Revealed: row brewing over demand for lay majority on SRA board

Hayter: LSB should be strong over lay majority requirement

A row is brewing between the Law Society and the Legal Services Consumer Panel over the make-up of the Solicitors Regulation Authority (SRA) board, Legal Futures can reveal.

In its recently published regulatory independence certificate – which certifies compliance with the Legal Services Board’s (LSB) internal governance rules or indicates how it will become compliant – the Law Society says it has no intention of taking active steps to remove the solicitor majority on the SRA board until the current members’ terms end in 2013.

However, earlier this month, panel chairwoman Dr Dianne Hayter highlighted the importance of the requirement in the rules for regulatory boards to have a lay majority, and for their chairmanship not to be restricted by virtue of any legal qualification (so far the SRA chairman has had to be a solicitor). In a letter to LSB chairman David Edmonds (see story), Dr Hayter described this as “an area where change in the current composition of these structures will be necessary in order to achieve compliance”.

She continued: “The panel would find it unacceptable if the frontline regulators were simply to wait for the terms of their current board members to expire… In the case of the Law Society, this would mean that the Solicitors Regulation Authority would not have a majority of lay members until 2013 – six years after the passage of the Legal Services Act.” Dr Hayter urged the LSB to “show strength” and not allow “any watering down of the lay majority requirement”.

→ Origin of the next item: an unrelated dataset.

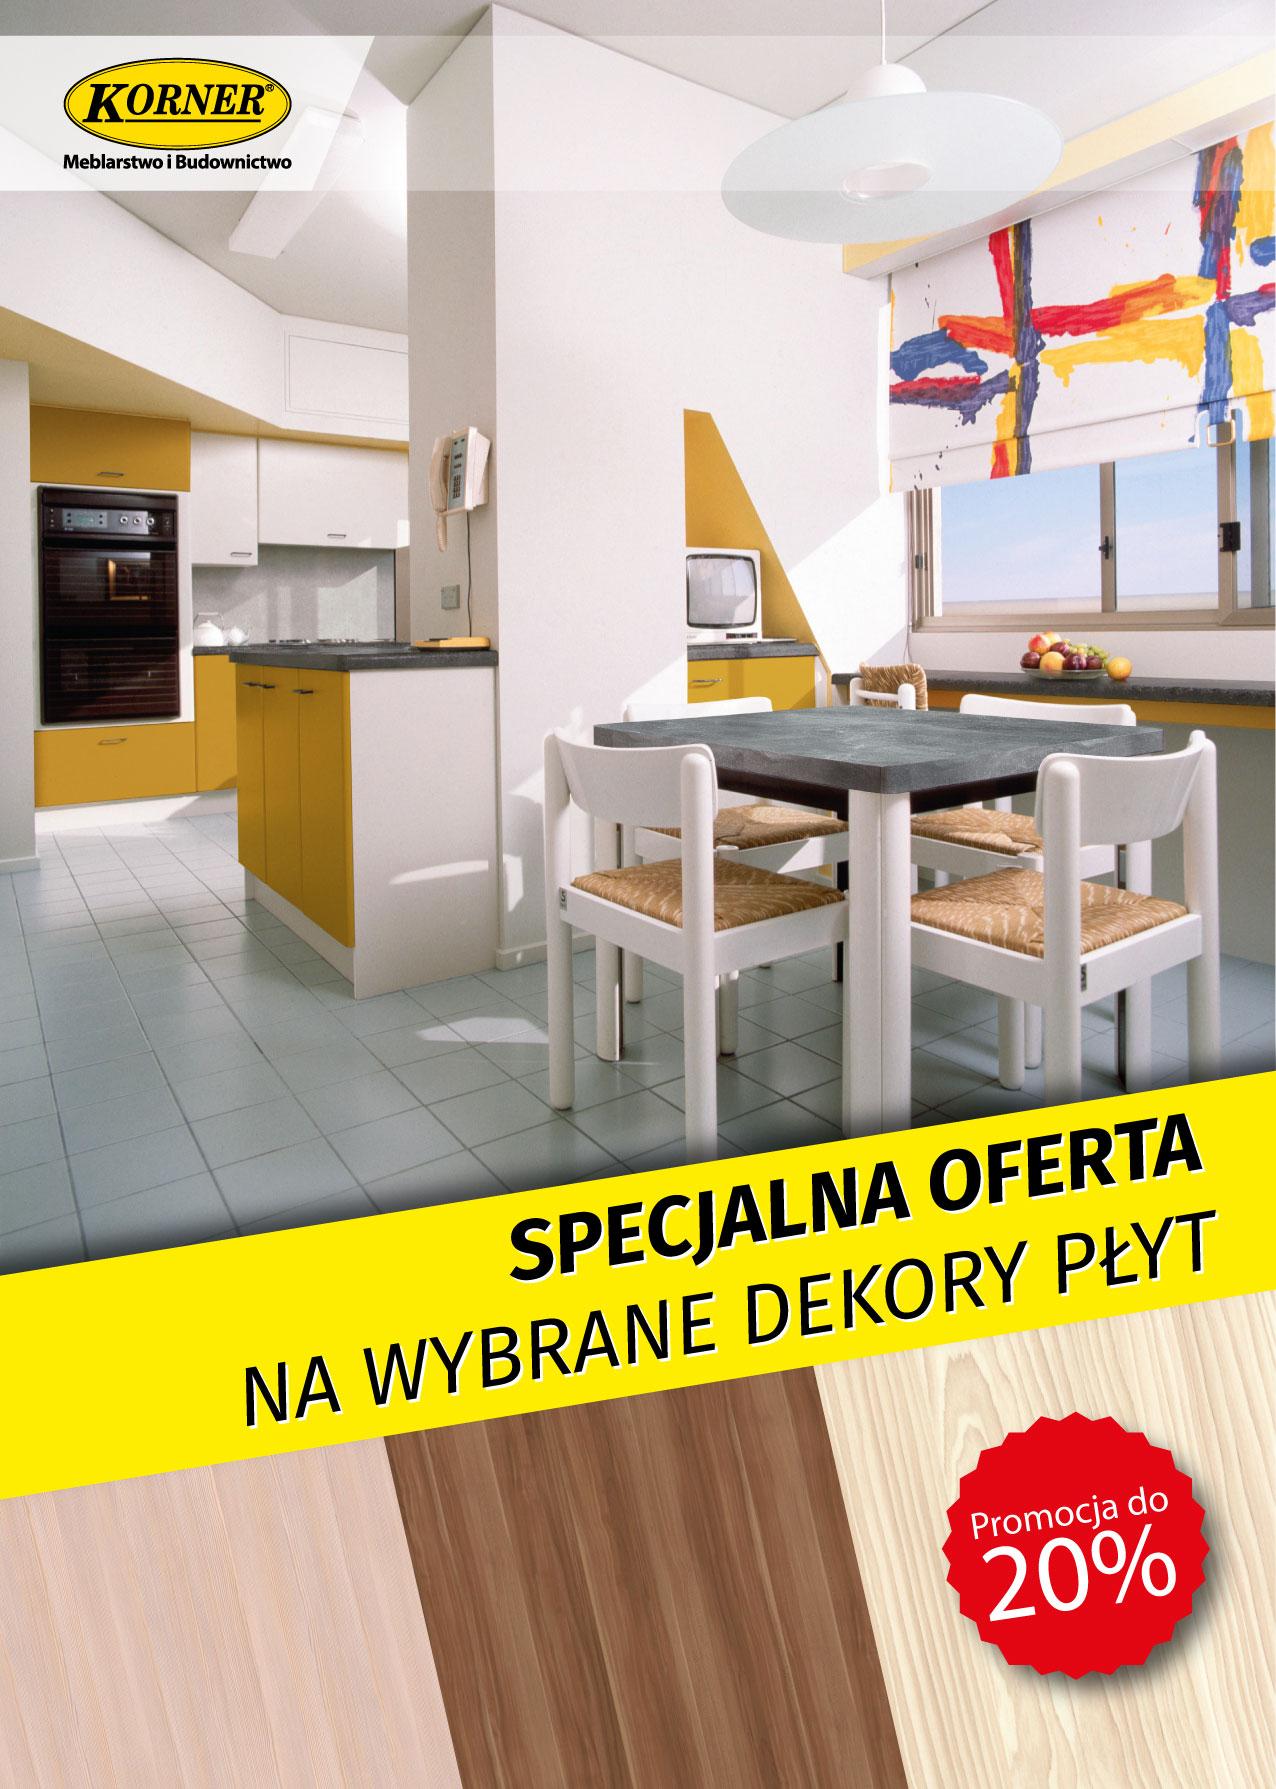 specjalna-oferta-na-wybrane-dekory-plyt-1

Published by the LSB last week, the certificate – signed jointly by the Law Society and SRA – was submitted on 17 June, six weeks after the deadline, a delay which prompted Dr Hayter’s letter. In it, the society says: “Unless some existing solicitor members were to step down, the board could not become compliant without enlargement beyond its current size of 16 members through the recruitment of additional lay members (whether all at once or on a phased basis). It could not become compliant in relation to the role of chair without a new selection process open to lay applicants.

“In the Law Society and SRA’s view, such solutions are disproportionate and would be likely to prove highly disruptive to the SRA’s ongoing work and its substantial programme of regulatory reform. The Law Society and the SRA propose to proceed to compliance on a phased basis over the coming three years, and so by that means reaching the goal of a lay majority board with minimal disruptions to the work of the board or the SRA as a whole.”

The consumer panel will examine the certificates submitted by the Law Society and the other regulators, and the LSB will issue its verdict on them by the end of July.

Last week Legal Futures also received the Law Society’s comment on Dr Hayter’s letter. It said: “The joint certificate has been submitted. If the LSB Consumer Panel seeks to identify the Law Society rather than using a descriptive for the SRA and TLS, they would be better advised to understand all the facts before rushing to judgement.”

The two intellectual property bodies – the Chartered Institute of Patent Attorneys and the Institute of Trade Mark Attorneys – share a regulator and are the only ones yet to submit their certificates, which was also criticised by Dr Hayter. In a joint statement, they said: “The letter is not addressed to ITMA/CIPA. Doubtless the LSB will reply as it thinks appropriate. We have been in regular dialogue with the LSB regarding the certificate and therefore do not propose  to make any comment at this stage.”